To Survive or to Starve

To Survive or to Starve

As I drove by a crummy restaurant in a little old town in Arizona on old Route 66, I saw the sign, Free coffee for those over 55.  Free was all I could afford. I dumped plenty of cream and sugar into my cup for energy. As I sat at the counter sipping my fourth cup a woman sat next to me. She set her purse on the counter and asked me to save her seat while she went to the bathroom.

As soon as she turned her back I opened her purse, reached in and grabbed a roll of bills. As I yanked my hand out a plastic bottle of pills fell to the counter. I stuffed them in my pocket and hurried out the door, jumped in my car and prayed I wouldn’t run out of gas before I found a working pump.

Feeling bad about stealing the woman’s money my conscience that I always pictured as my do good angel sitting on my right shoulder berated me for doing what I did. I argued with it that to survive, stealing money like that wasn’t really bad. It wouldn’t listen and rattled on about treating others as I wanted to be treated gave me a headache.

I found a gas station at the edge of town. When I dug into my pocket to pay, I pulled out the woman’s pills and swallowed two hoping they’d make my headache go away. They didn’t do anything to help my headache but they caused my heart to race so fast I couldn’t breathe. I fell to the oil stained cement and barely able to move I waved for help.

Next thing I knew, I woke up in a hospital bed. “See what happens when you break the law,” my conscience nagged.

I slapped my right shoulder to shut it up. Then I felt it. Death was creeping up on me. I didn’t want to go-not yet. Where would I go if the grim reaper came and took me today?  How many patients have risen from this bed as spirits in search of a place to go? I closed my eyes, and in the dark I saw spirits of those who laid in this bed and departed this world, but still clung to the bed. All were begging to have their lives returned, so they could say a curse or other last words.

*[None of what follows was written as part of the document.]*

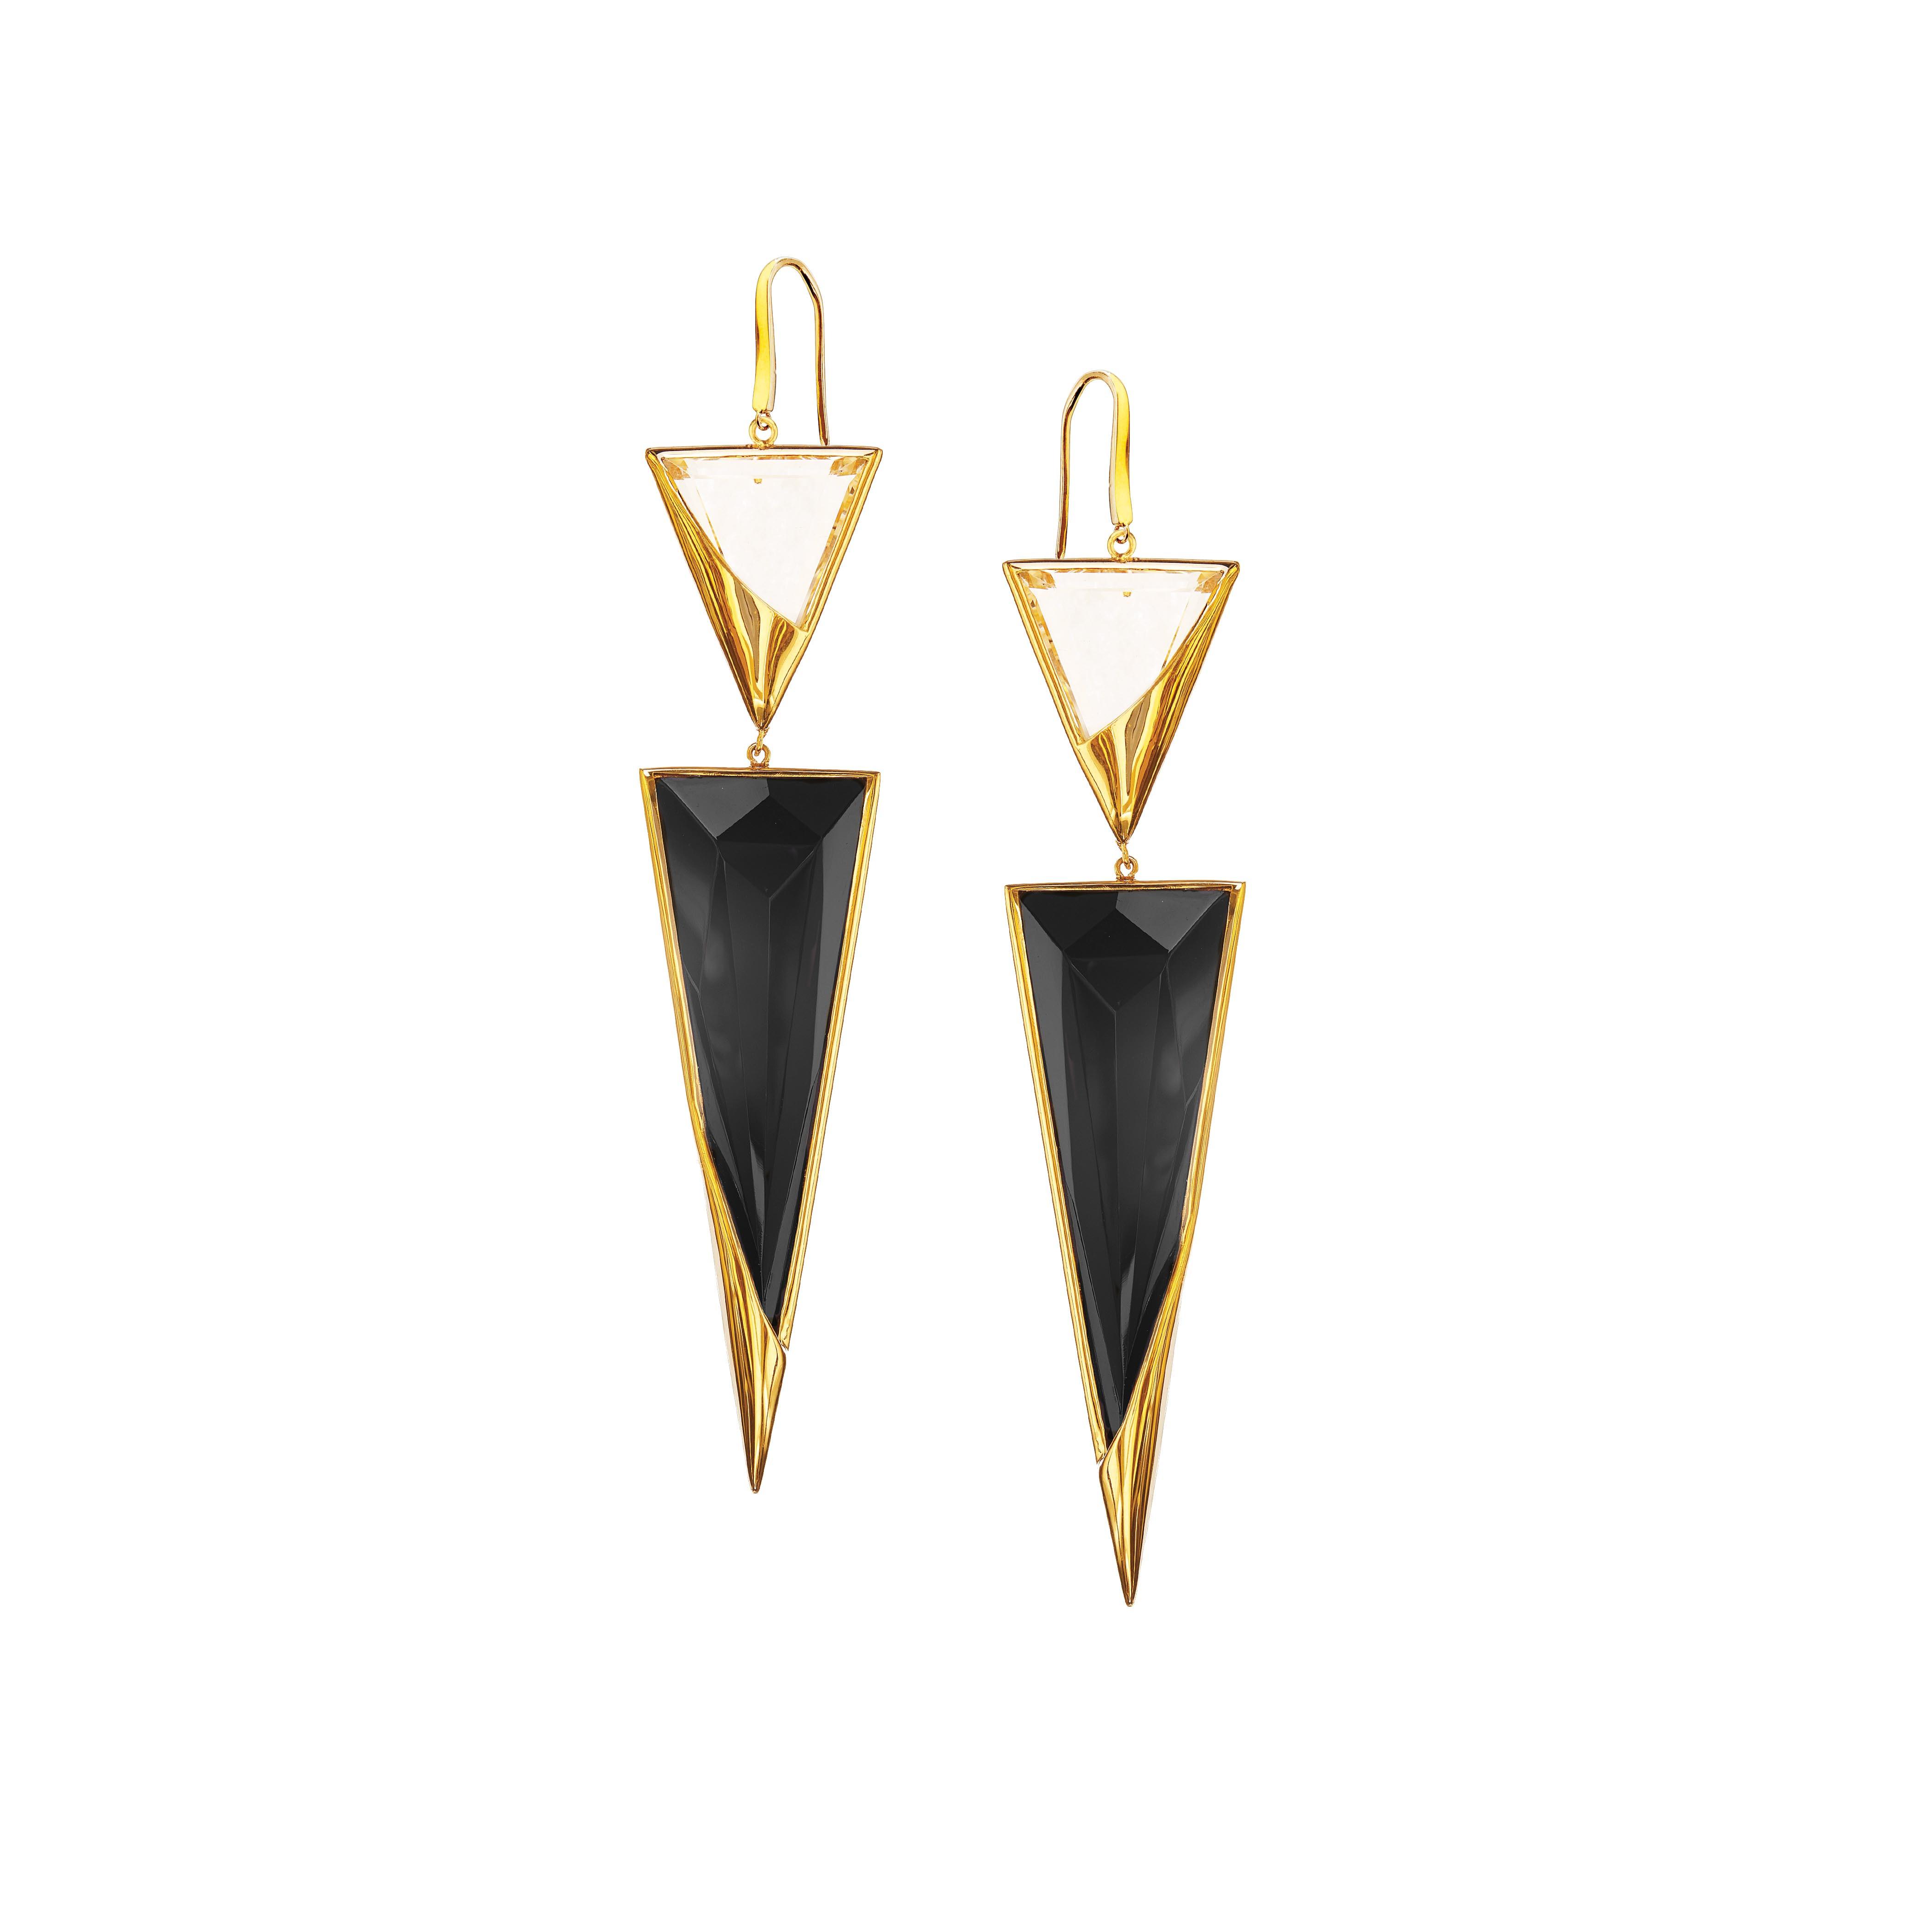 New Lana Jewelry Black Onyx & Crystal Jet Earrings

Suddenly the walls and ceiling disappeared and the grim reaper came through the door. I saw heaven far above and I fell in love.

“That’s not for you,” the reaper said and pointed down below.

I felt roaring flames exploring my flesh from down there. “Wait, I want more years,” I told the reaper, “but if it’s my time, heaven is where I want to go.”

“Go on then.” The reaper pointed to a stairway that went to heaven. I lost an arm and two legs on the way up, but I made it to the top only to find  a padlock on the pearly gates. I rang the bell, angels sang and gave me thoughts of spring. A man with bloodshot eyes and wearing a dirty robe approached.

He held out a jug and through rotten teeth said, “Have a drink to brace yourself, because you’re full of guilt that not even God can forgive, so you’re going down below. He pulled a lever and the stairs transformed into a glistening water slide that delivered rejected souls directly to the flames that angrily hissed as water from the slide poured onto them.

“I’ve been good,” I screamed as my speed increased and I approached the hissing, steaming place that must be hell. The slide went right by my hospital bed. As I was  about to pass it, I grabbed hold and hung there with the other souls and I asked, “How long can we hang on?”

They inhaled in despair and then told a lively tale, “For eternity, and

after that we don’t know.”

I felt the heat on my feet. Eternity was too long, so I’d fight to stay alive. Hand over hand, I pulled myself into the bed and laid on my back, closed my eyes and prayed, not for me, but for Saint Peter at the gate. I told God that he’s cruel to compel a saint like him to pull the switch sending so many to burn in flames.

“That’s why I turn my blood to wine, so he can numb his brain from the pain.”

My eyes opened. I saw the ceiling and walls had reappeared. I yanked I.V. tubes from my arms and jumped from the bed that was nothing but a gateway to hell. I ran out the door and saw imps wearing white and acting like doctors with scalpels in their paws.

They swarmed around me and began to operate without washing their mitts or putting on a mask. I fought back and used their blades to decapitate them all. Looking for more heads to take off, I heard a far away voice ask if I was awake.

I opened my other set of eyes and saw a human face looking down at me.

“You’re in the recovery room. How do you feel?” a nurse dressed in white asked.

Thank God, it was nothing but a dream I thought until the nurse bound my hands and feet. She called in the headless imps who had new blades in their hands. Screaming for help that didn’t come, I watched those headless things, cut open my stomach and stuff my entrails down their throats.

I awoke again and knew I’d never have seen the monstrous world that divides our reality and abuses our mortality if I hadn’t stolen the money and taken those pills. Dreams, so it seems, opens the door to other worlds that shut down any logical or comforting thoughts I may have. While I’m awake, I tell that little devil who lives on my left shoulder that I’d rather be dead, than to steal again and have to lie down in that hospital bed.